Amendment proposed, To leave out from the word "That" to the end of the Question, in order to add the words "in the opinion of this House, it is impolitic any longer to exclude Ireland from the operation of the Volunteer system, and unjust, should such exclusion continue to tax Ireland for the support of English Volunteers,"—(Mr. Bagwell,) —instead thereof.

MAJOR KNOX

expressed his surprise that an Irish Member who had held a high place in Her Majesty's Government should have made such a proposition. Without wishing to cast any imputation on the hon. Gentleman, he must say that he looked upon it only as a piece of electioneering tactics. At a time when so much dissatisfaction existed in Ireland, was it fit to make this proposal? Would the hon. Gentleman tell him that the men whom he proposed to arm would take the oath of allegiance to the Queen? [Colonel FRENCH: Yes, they would] He knew the Protestants of the North of Ireland, if wanted, would, as in 1848, come forward to defend their own rights and those of the Queen; but it would not be safe to place arms in the hands in which the proposition of the hon. Gentleman would place them.
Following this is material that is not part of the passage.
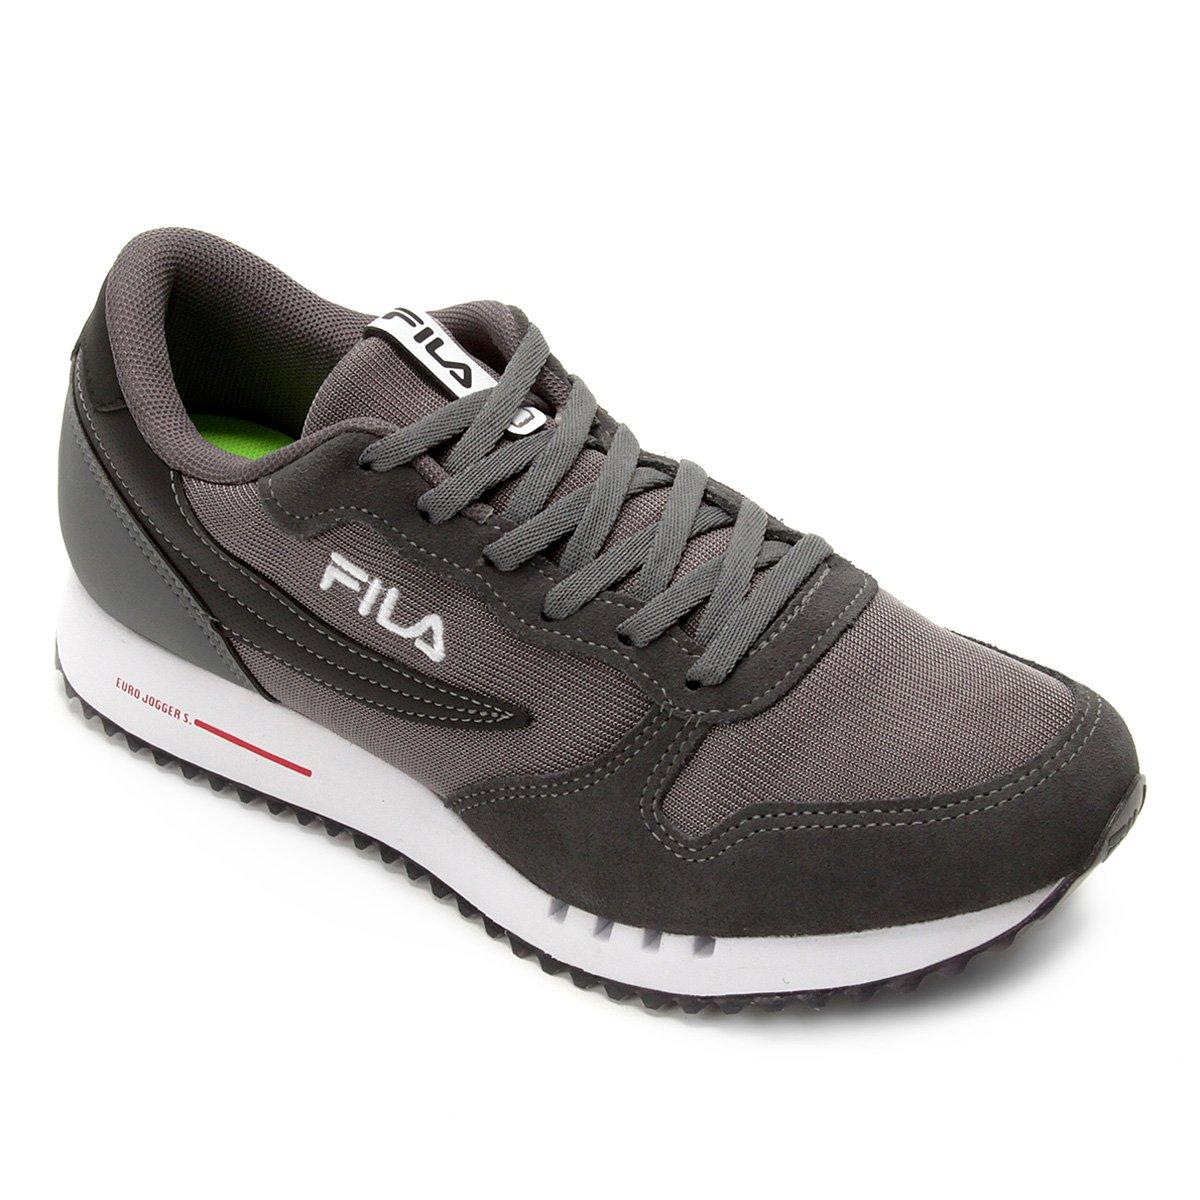 bf2482e1ad Tênis Fila Euro Jogger Sport Masculino - Preto e Vermelho | Shoestock
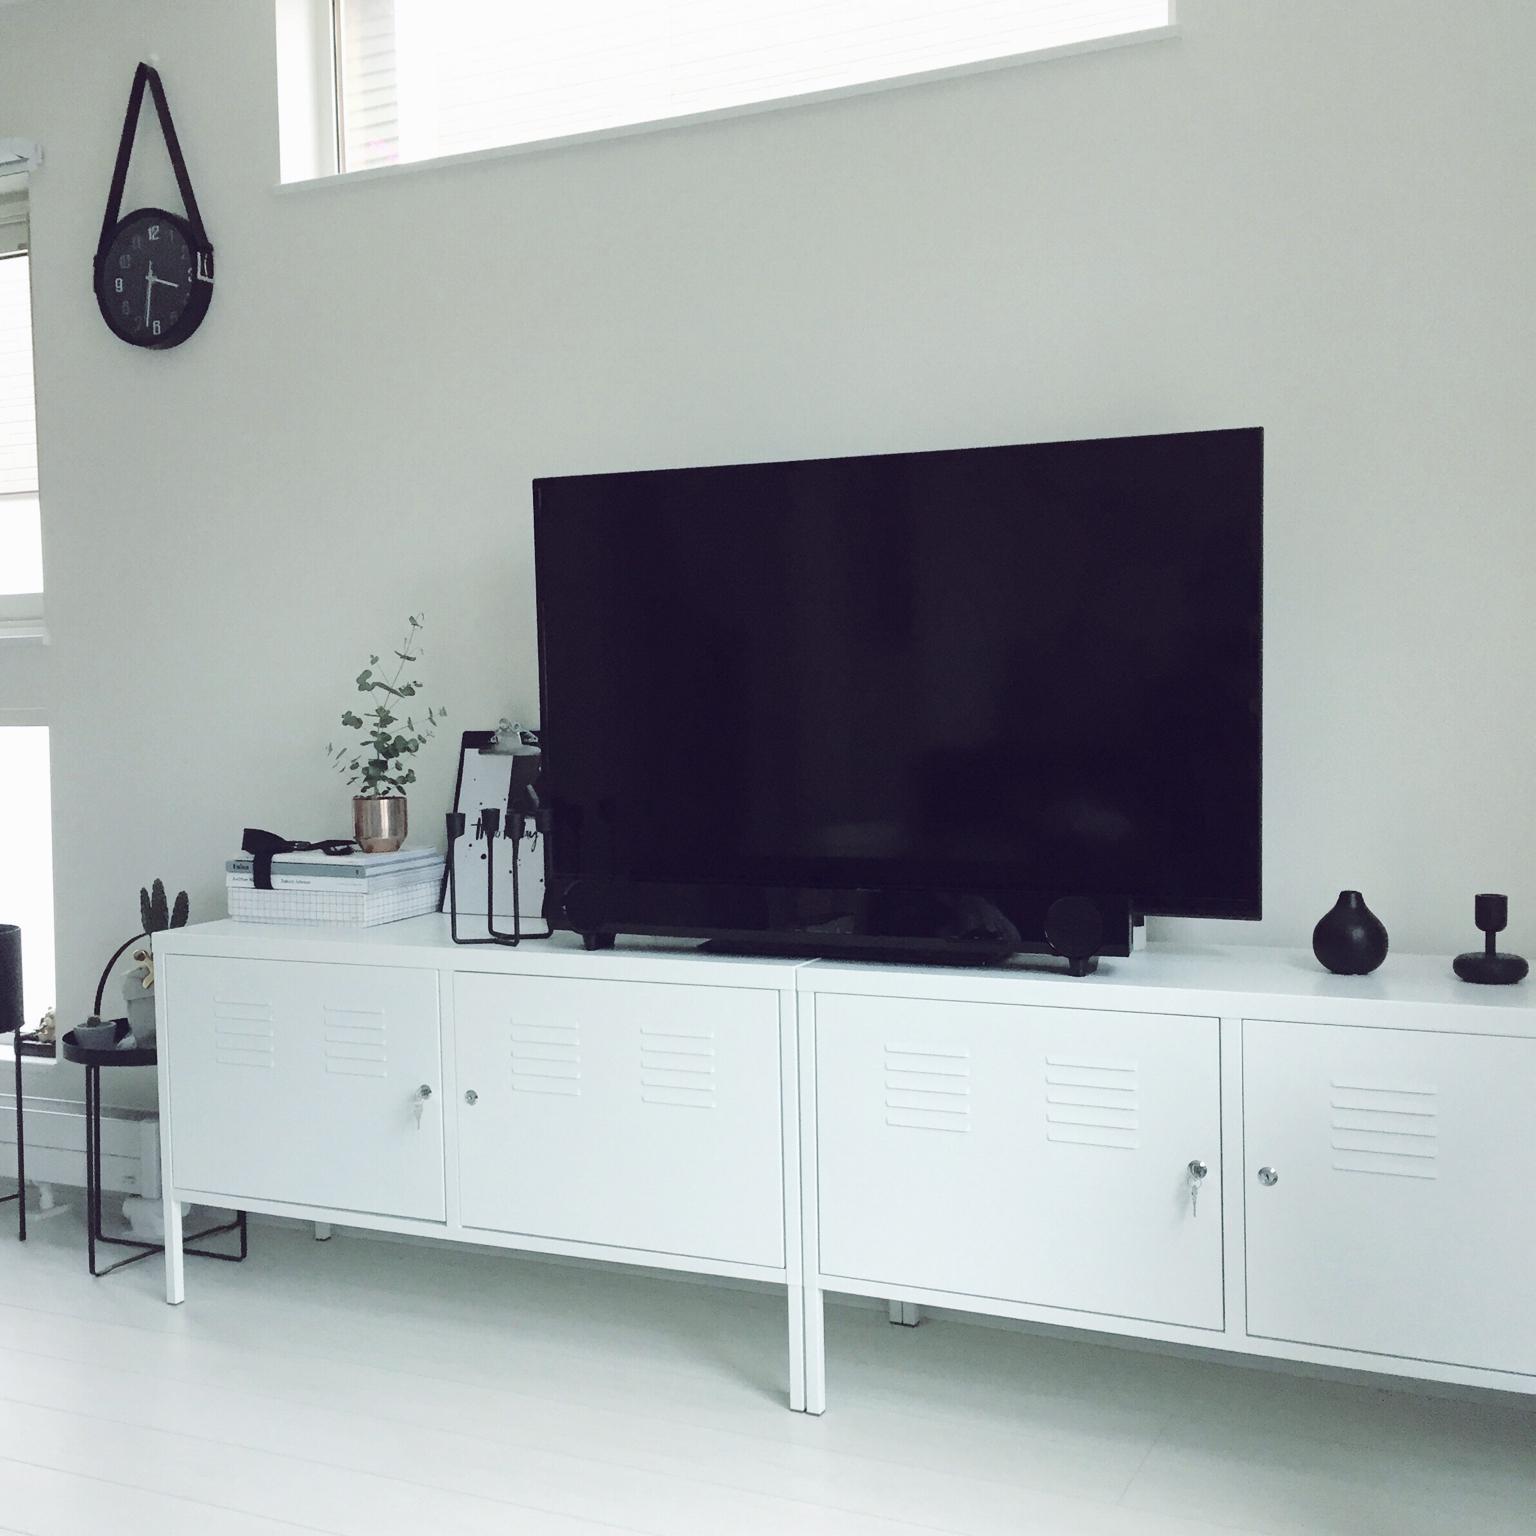 やっぱり白が好き!IKEAの白い家具の魅力に迫る

If that were done, the people of Ireland would be in much the same position as the people of the United States were now; the Protestants of the North and the Catholics of the South would turn their arms against one another. If only the Act would permit the English Volunteers to visit Ireland, the proposition would be warmly received.

SIR DE LACY EVANS

said, he had heard the remarks of the hon. and gallant Gentleman (Major Knox) with surprise and regret, for he drew a picture of Ireland for which he (Sir De Lacy Evans) hoped there was no foundation. The hon. and gallant Gentleman represented one part of Ireland as hostile to another as the Northern and Southern States in America; but there was, he believed, no foundation for any such statement. The hon. and gallant Member seemed to forget that nobody could be received as a Volunteer unless he took the oath of allegiance. In the very temperate statement made by his hon. Friend (Mr. Bagwell) it was shown that within a very recent period there had been manifestations of loyalty and respect to the Throne in Ireland; and were they to be told that it would be highly improper and very dangerous to intrust arms to a large portion of the Irish people? His hon. Friend quoted the opinions of great statesmen, and, among others, an opinion of the noble Lord at the head of the Government, not at all in accord with the present Bill. But there was another authority not inferior, and, perhaps, by gentlemen on the other side considered superior to the authority of the noble Lord, and that was the authority of the late Duke of Wellington. If any person would look into the official letters of Sir Arthur Wellesley, when Secretary for Ireland in 1807—a time when, unfortunately, in consequence of the recent rebellion, a greater distrust of the feelings of the Irish people prevailed—he would find that Sir Arthur Wellesley spoke thus on this very subject of Volunteers:—"Some people say that the people of Ireland are not to be trusted. Now, I do not know that there is any truth in that statement, and I do not believe it." These were the words of a man who was responsible for the safety of this country and the peace of Ireland, a man of un- doubted sagacity in political matters. Now, this exclusion of Ireland from the Volunteer system was not only insulting—it was inequitable also, because Ireland was called upon to pay a portion of her taxes for the maintenance of the Volunteers in England and Scotland. Surely, there ought to be some positive reason given by Government fur inflicting this wrong. He hoped that the matter would be re-considered and that the House would manifest its feeling on the side of the Irish people.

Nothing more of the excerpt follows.